__Instructions to follow__: Would you copy, word for word, each line from the one with "China Hot Sale" to the end of the listing below, skipping all pictures?

** Opening Provided data block **

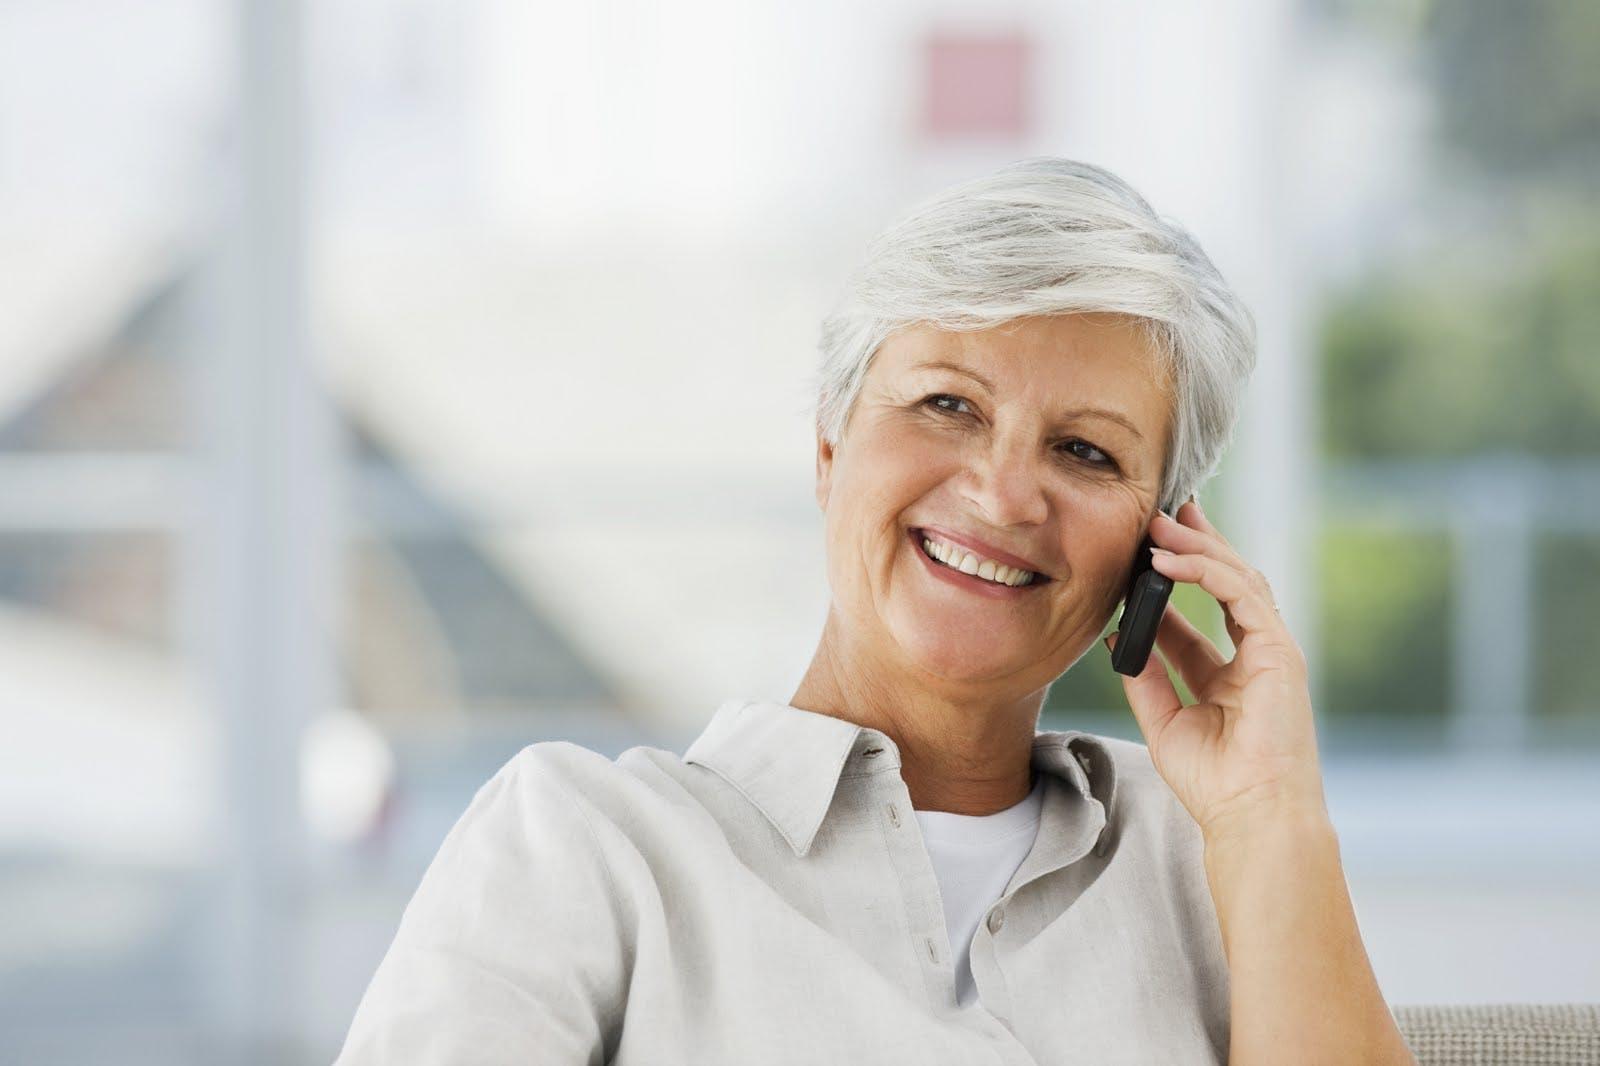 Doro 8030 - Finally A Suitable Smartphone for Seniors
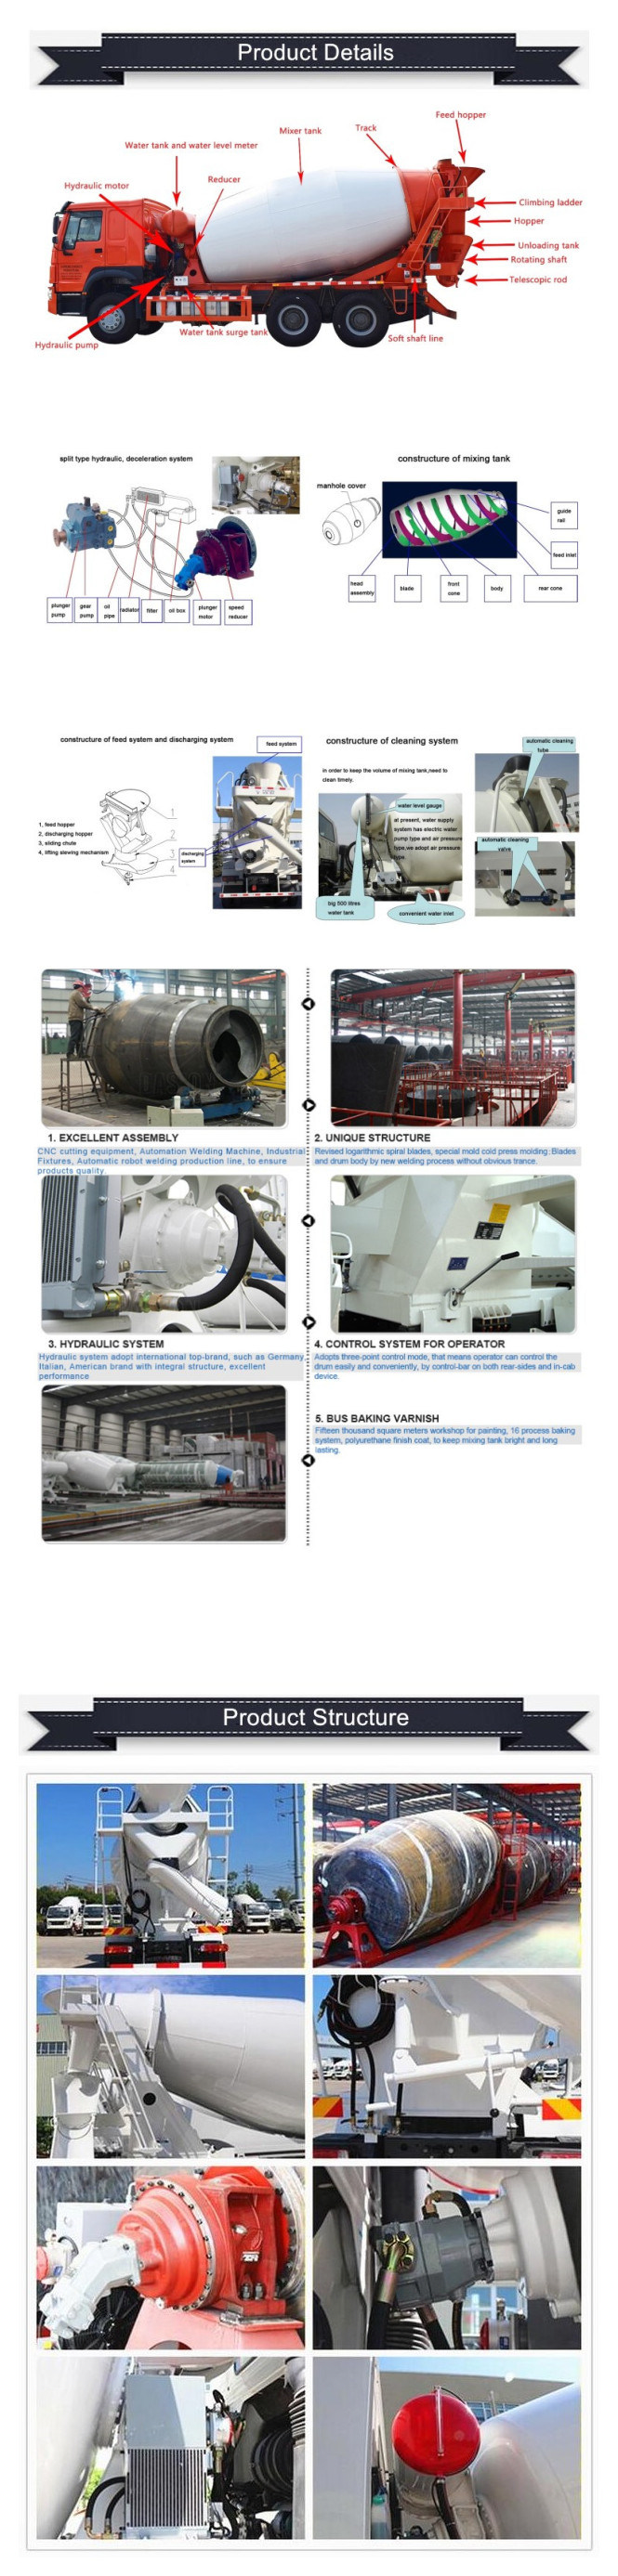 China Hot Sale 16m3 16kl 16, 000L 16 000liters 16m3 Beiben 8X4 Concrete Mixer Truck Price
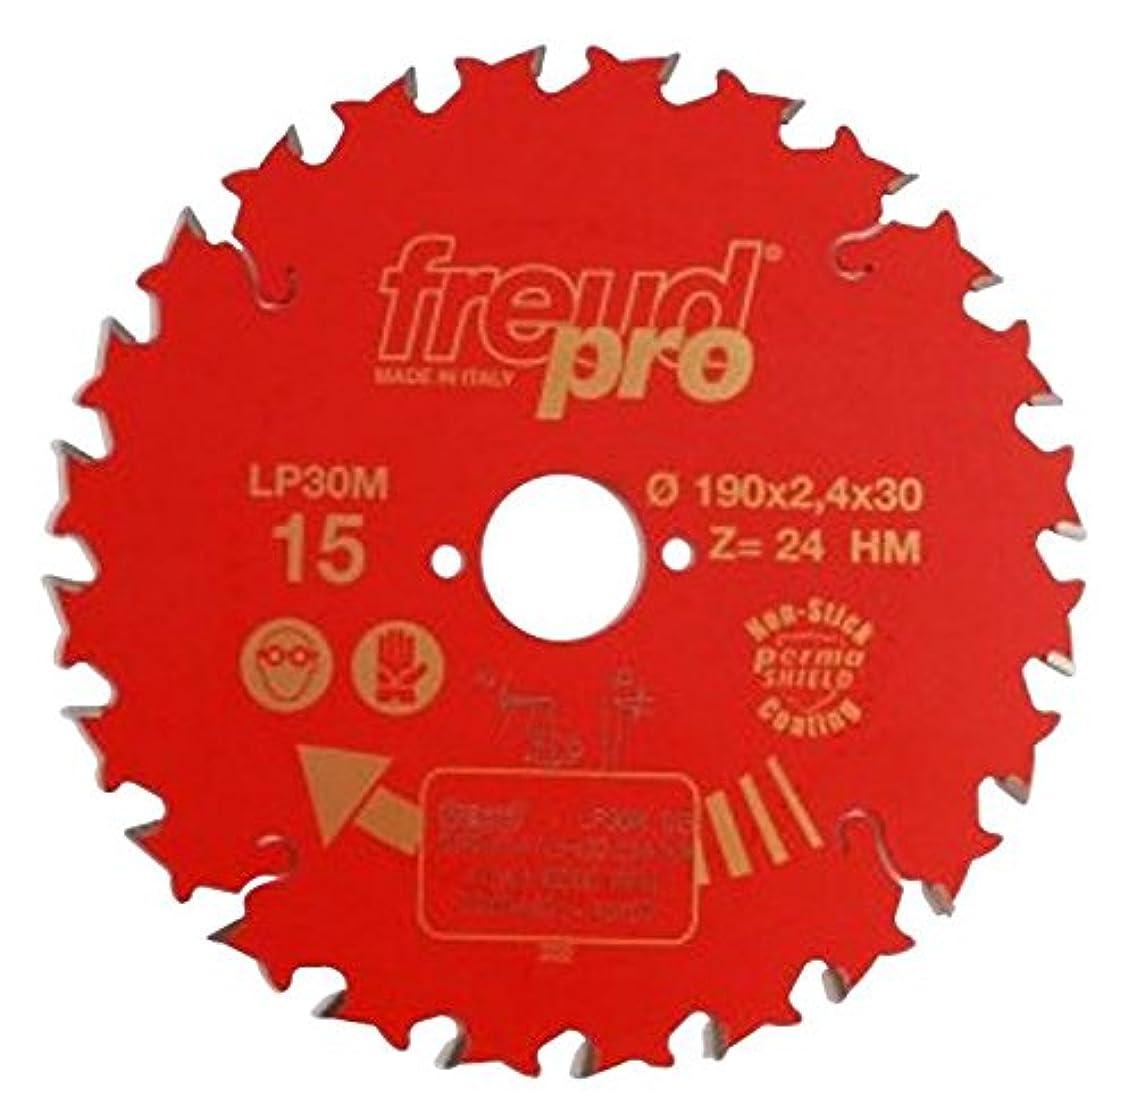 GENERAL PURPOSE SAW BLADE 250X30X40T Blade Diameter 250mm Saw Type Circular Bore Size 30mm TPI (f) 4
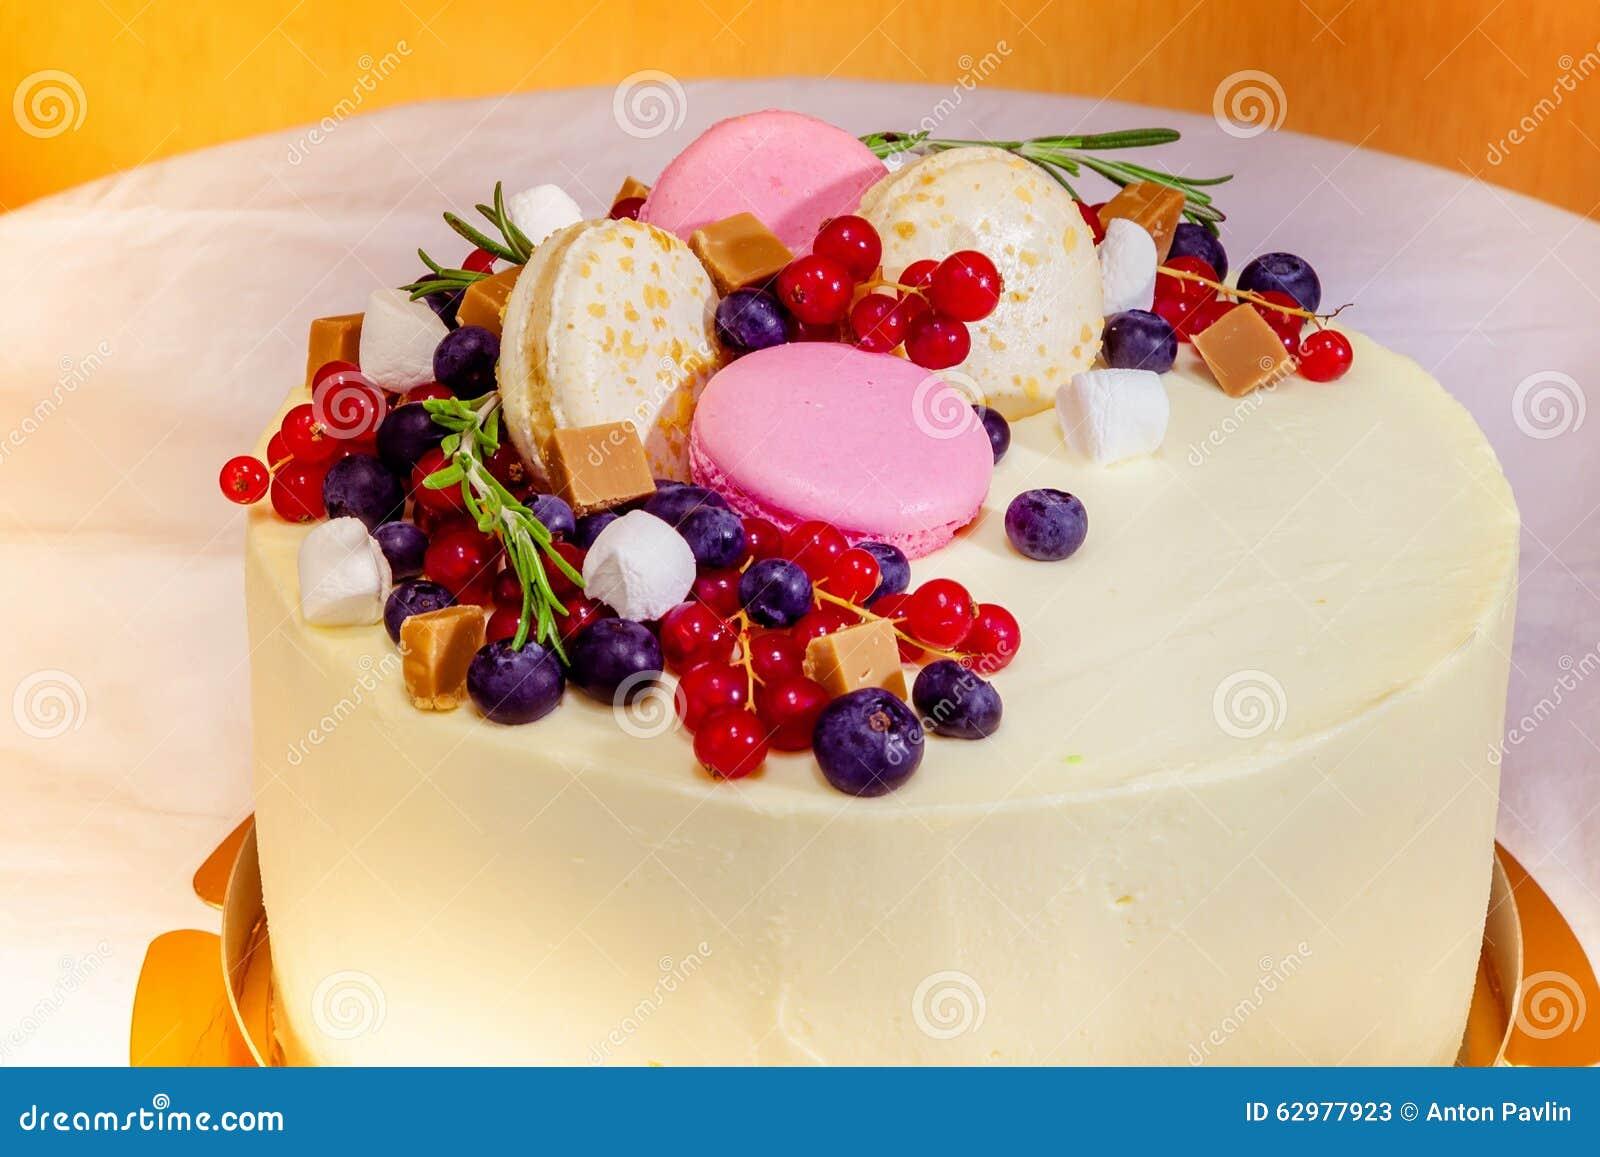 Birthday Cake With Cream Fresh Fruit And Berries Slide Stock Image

** Closing Provided data block **

__Answer to this problem__:
 China Hot Sale 16m3 16kl 16, 000L 16 000liters 16m3 Beiben 8X4 Concrete Mixer Truck Price
 GENERAL PURPOSE SAW BLADE 250X30X40T Blade Diameter 250mm Saw Type Circular Bore Size 30mm TPI (f) 4
 Birthday Cake With Cream Fresh Fruit And Berries Slide Stock Image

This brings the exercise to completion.